12 For more details about the history of the special U.S.-Japan bilateral frameworks, see
Appendix A.

In 1993, the Clinton Administration negotiated the United States-Japan
Framework for a New Economic Partnership. At the insistence of the Clinton
Administration, “objective criteria” were to be used to determine whether Japan was
fulfilling its obligations under the framework. This element proved highly
controversial, and the two countries never agreed on the role the “objective criteria”
would play or, for that matter, what they would be. Japan did not want to be bound
by what it termed “managed trade.” Nevertheless, by June 1997, the United States
and Japan had addressed, if not resolved, the major issues under the Framework. In
its place, the Clinton Administration got Japan to agree to another, more loosely
shaped format, the Enhanced Initiative on Deregulation and Competition Policy (the
Enhanced Initiative). This format did not have the specific results-oriented elements
of the previous framework.
The Reagan, George H.W. Bush, and Clinton Administrations also negotiated
sector-specific trade issues with Japan outside of the framework format. For
example, the Reagan Administration obtained so-called voluntary export restraint
(VER) agreements under which Japan agreed to limit exports of autos and steel
products to the United States. In 1985, the United States and Japan (along with other
G7 industrialized countries) negotiated the Plaza Accord to promote realignment of
the dollar and the yen. Other agreements were directed at market access in Japan for
constructions services, telecommunications equipment, certain agricultural products,
autos and auto parts, and flat glass, among others.
Of particular note is the 1986 semiconductor agreement in which the Reagan
Administration got Japan to agree to cease dumping semiconductors in the United
States and to open its market to U.S. exporters of semiconductors. The
semiconductor agreement was a milestone in U.S.-Japanese trade relations because
it included in a side-letter a minimum target of 20% share of the Japanese market for
U.S. exporters of semiconductors to attain. The United States imposed sanctions in
1987 in the form of higher tariffs on imports of selected Japanese electronic products
when the share did not reach 20%. The semiconductor agreement is considered to
have been the model for the objective criteria measures that the Clinton
Administration demanded in the Framework it used with Japan. The sanctions that
resulted from the semiconductor agreement were also a reason Japan strongly resisted
the use of objective criteria. In 1991, the semiconductor agreement was renewed
with the 20% share embedded directly in the agreement language.
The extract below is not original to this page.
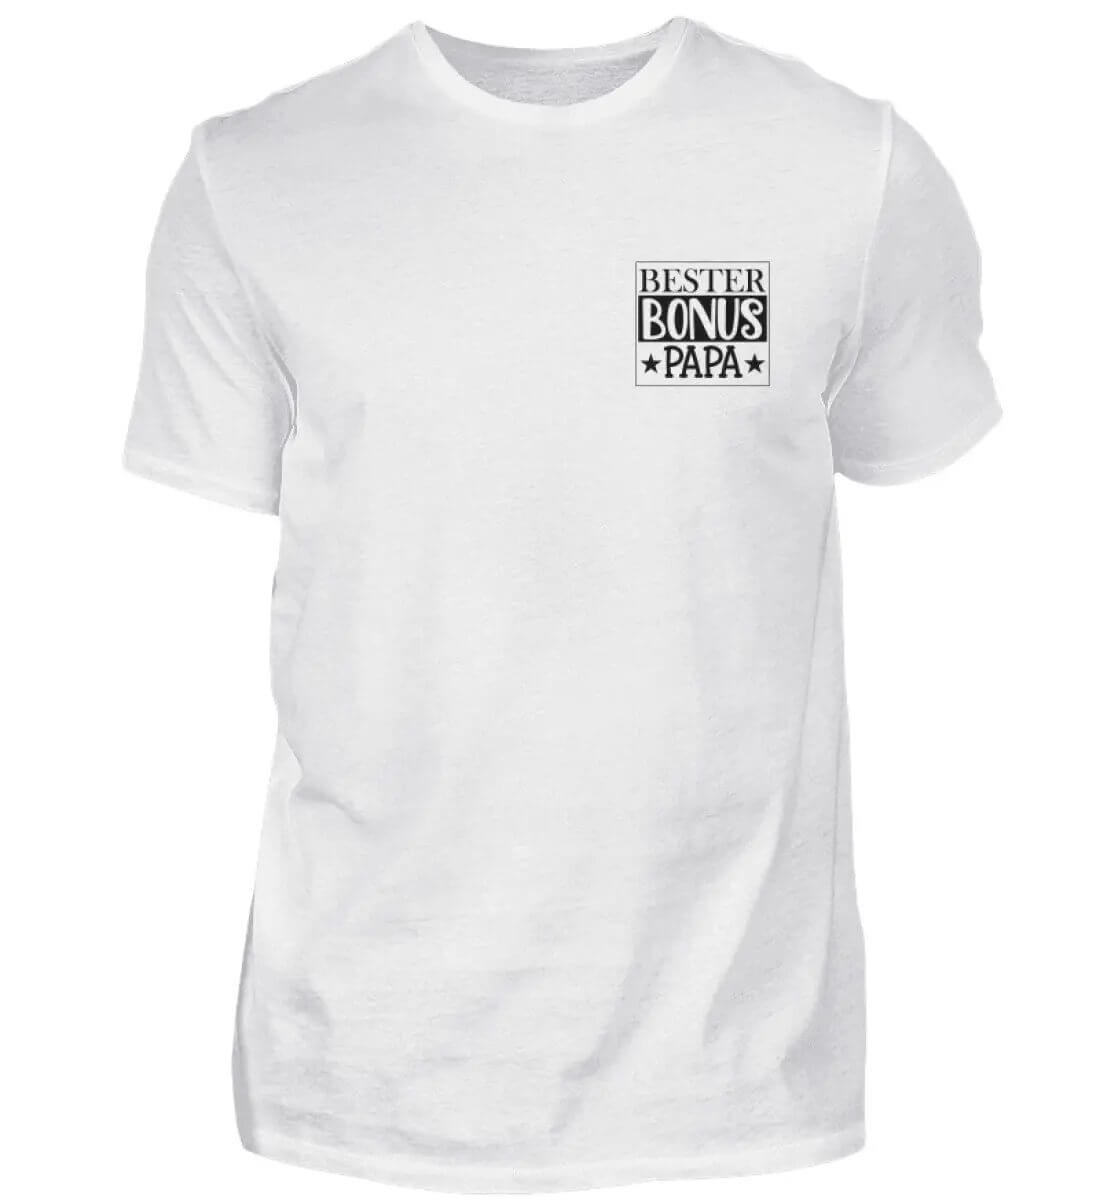 Entdecke das "Bester Bonus Papa" Unisex Shirt - perfekte Geschenkidee für Stiefväter! Einzigartiges Spruchlogo, hochwertige Qualität.

It expired in 1996
and was replaced by a pact among several countries to monitor semiconductor trade.
The Bush Administration’s Economic Partnership
The Bush Administration’s Economic Partnership framework closely follows
on the Clinton Enhanced Initiative. The Economic Partnership emphasizes
macroeconomic and structural issues that have hampered Japanese economic growth
but also examines issues of the U.S. economy.
The Economic Partnership consists of several initiatives or dialogues to include
participation from subcabinet-level leaders from both governments and participation
from members of the business communities and other non-government sectors from
both countries. The U.S.-Japan Subcabinet Economic Dialogue provides overall
direction for the Economic Partnership. Other elements of the Economic Partnership



include the Regulatory Reform and Competition Policy Initiative (with working
groups on telecommunications, information technologies, energy, and medical
devices and pharmaceuticals, plus a cross-sectoral working group); the Financial
Dialogue that examines such issues as banking reform; the Investment Initiative that
discusses requirements to improve the investment climate in Japan; and the Trade
Forum that operates to resolve sector-specific trade issues, to catch potential
problems before they get worse and to monitor sector-specific agreements already in
effect. Each one of these elements contributes to an annual report to the President
and the Prime Minister in which participants record progress and make
recommendations for the coming year.
The Economic Partnership also includes a forum for U.S. and Japanese private
sector representatives to work on pertinent issues and to provide input to the
government participants. Issues that the United States and Japan discuss under the
Economic Partnership are detailed below. The United States has not negotiated any
new sector-specific agreements, although bilateral discussions of pending issues
continue under previous agreements.
The WTO Dispute Settlement Mechanism
In addition to negotiations under the Economic Partnership framework, the
United States and Japan are using the dispute settlement mechanism in the World
Trade Organization (WTO) more frequently to resolve bilateral issues. In so doing,
the United States and Japan have helped to depoliticize their trade disagreements,
leaving it to panel members selected from trading partner nations to adjudicate the
disputes. Furthermore, the WTO has provided a forum in which Japan has felt
comfortable challenging U.S. trade practices.
Increased reliance on the WTO has reflected a major shift in Japan’s strategy in
dealing with the United States in trade. In 1995, Japan filed a dispute with the WTO
as a counter-complaint against a U.S. complaint against Japan on the sale of autos
and auto parts. (For details, see Appendix A.) The two countries reached a resolution
outside the WTO, but it was the first time that Japan had challenged the United States
rather than acceding to U.S. demands. Japan was emboldened to shift its strategy
in 1997 when the WTO ruled against the United States on its complaint against Japan
regarding the marketing of Kodak and Fuji film in Japan.13 However, the United
States has also challenged Japan successfully in the WTO. These and other major
pending issues in U.S.-Japan economic relations are discussed below.
Issues and Prospects
Recently, U.S.-Japan economic ties have become less contentious.
Nevertheless, they still face many complex issues. Some of these issues are
longstanding while others have developed more recently.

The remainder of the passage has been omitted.